Can ‘social bubbles’ offer relief from lockdown loneliness?

“The 360” shows you diverse perspectives on the day’s top stories and debates.

What’s happening

One of the most challenging pieces of guidance to help stem the spread of the coronavirus has been advising people to limit in-person interactions to those they live with. For some, that means being stuck inside with only family members for weeks on end. For those who live alone, it means complete solitude at home.

Limiting close contact with others is the most important step in containing the number of infections. But sticking to those restrictions can carry a heavy mental health toll. Several countries have begun exploring the idea of “social bubbles,” which allow people to expand their groups beyond their household members to alleviate the strain of isolation.

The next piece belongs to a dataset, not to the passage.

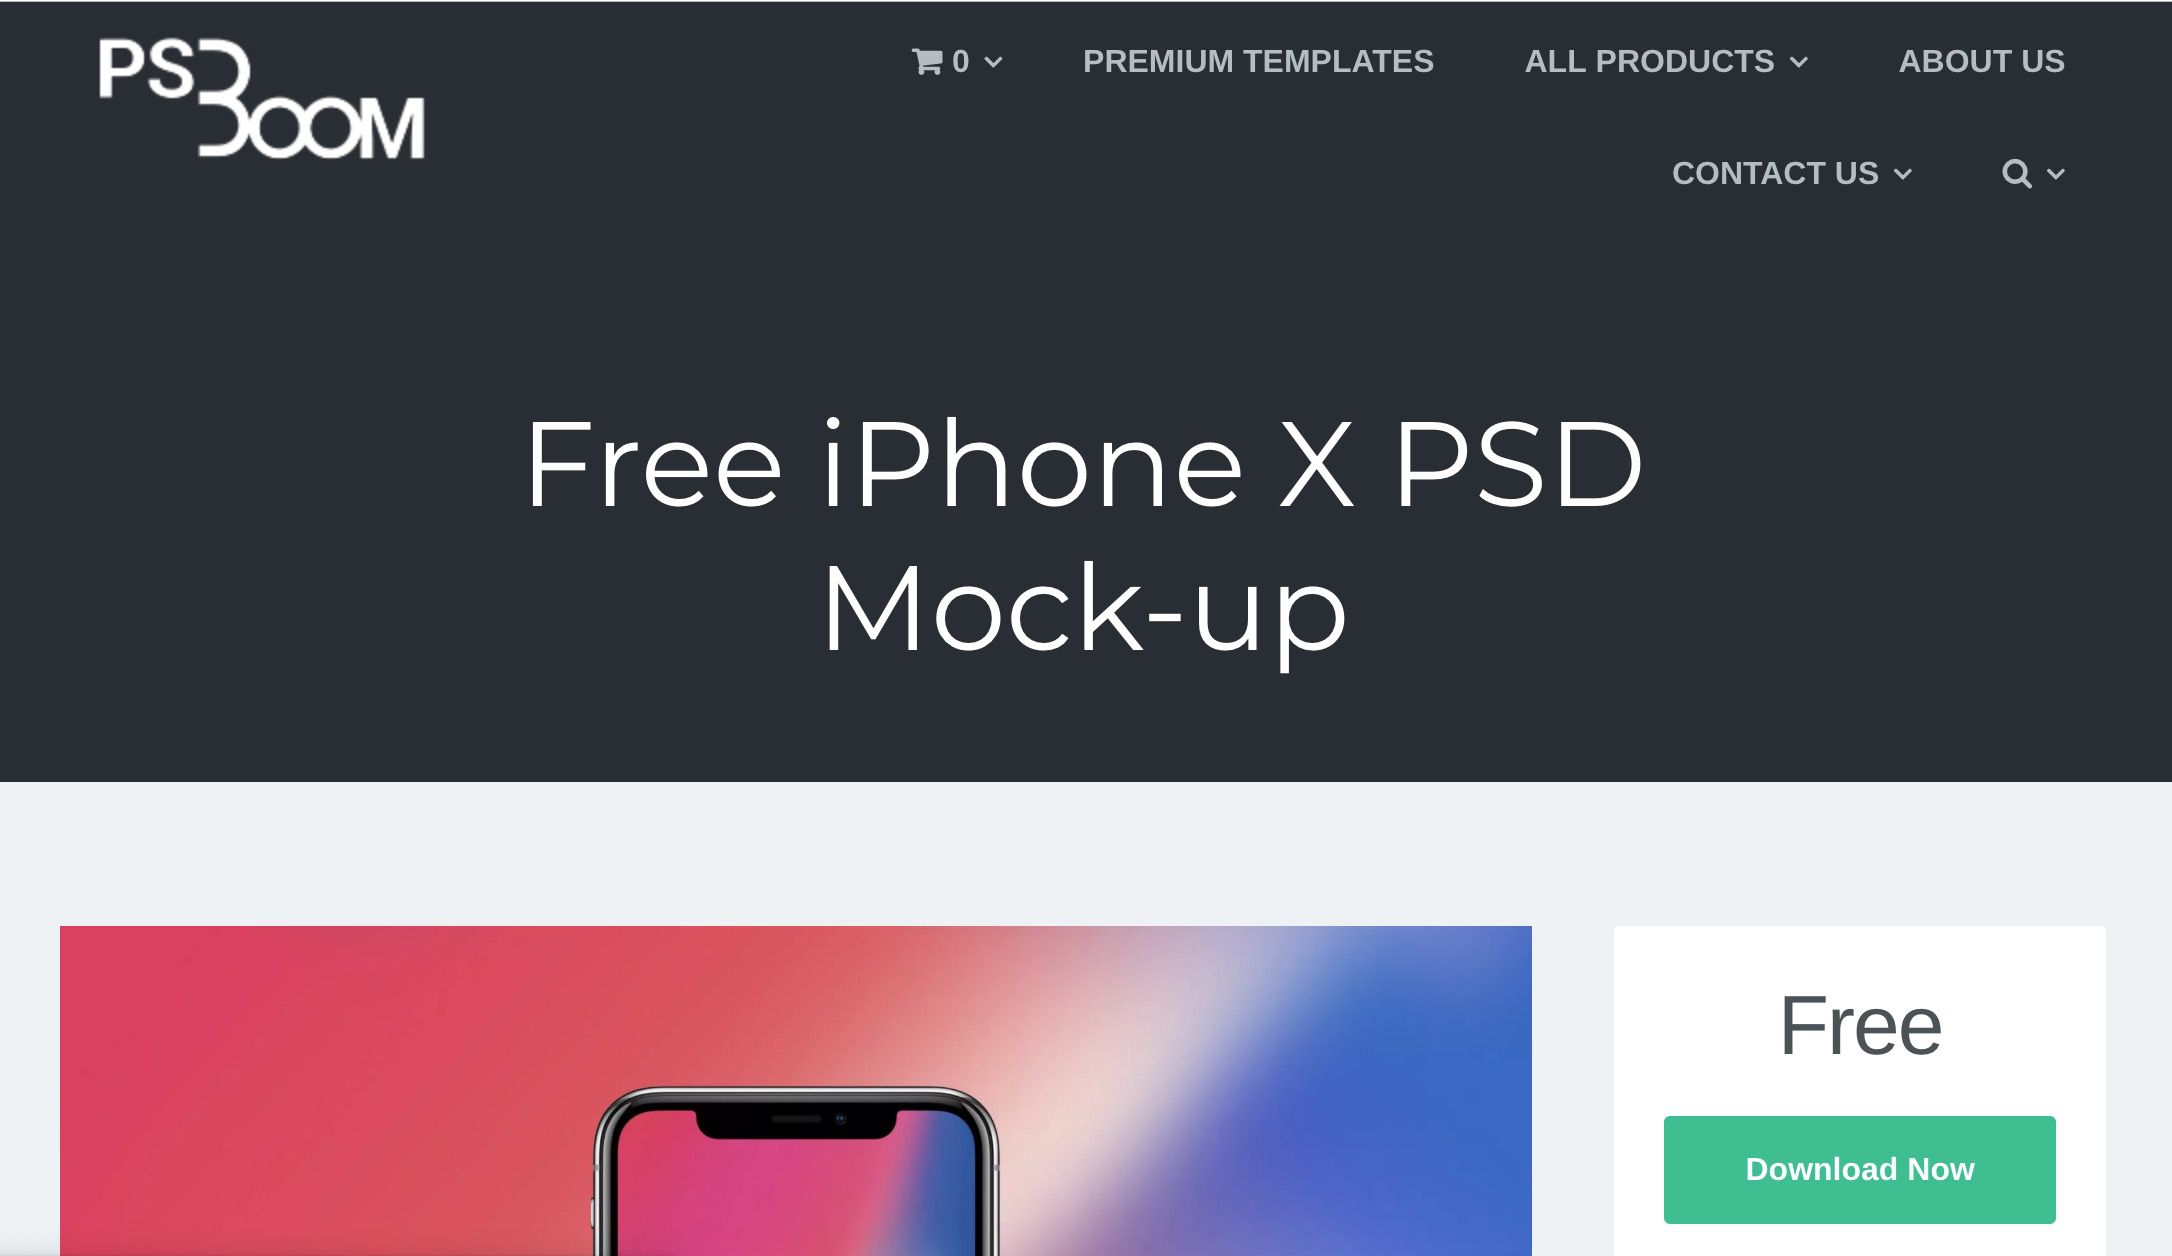 PS Boom-website met gratis iPhone X PSD-mock-up

Social bubbles are essentially partnerships between groups of people who all agree to limit their in-person contact to others within the group. This arrangement, in theory, could satisfy people’s social needs while adding only a small amount of infection risk.

New Zealand implemented a bubble system as part of its successful containment of the virus. The Belgian government is reportedly considering allowing citizens to create social groups of up to 10 people they can see without social distancing rules. Some provinces in Canada recently began to allow members of two separate households to join up in “double bubbles.” The U.K. government has said it may enact similar measures. While no formal rules around shared household bubbles exist in the U.S., some American families have joined forces to alleviate the strain of lockdown.

Why there’s debate

Advocates for social bubbles say letting people expand their circle of friends may be an important step in establishing a sustainable way of life amid the ongoing pandemic. Strict isolation, while the most effective means of containing the virus, may not be something most people can maintain much longer. Bubbles could provide the social nourishment people need — plus some much-needed help with day-to-day needs like shopping and childcare — with only a slight increase in risk, if members stay within their groups.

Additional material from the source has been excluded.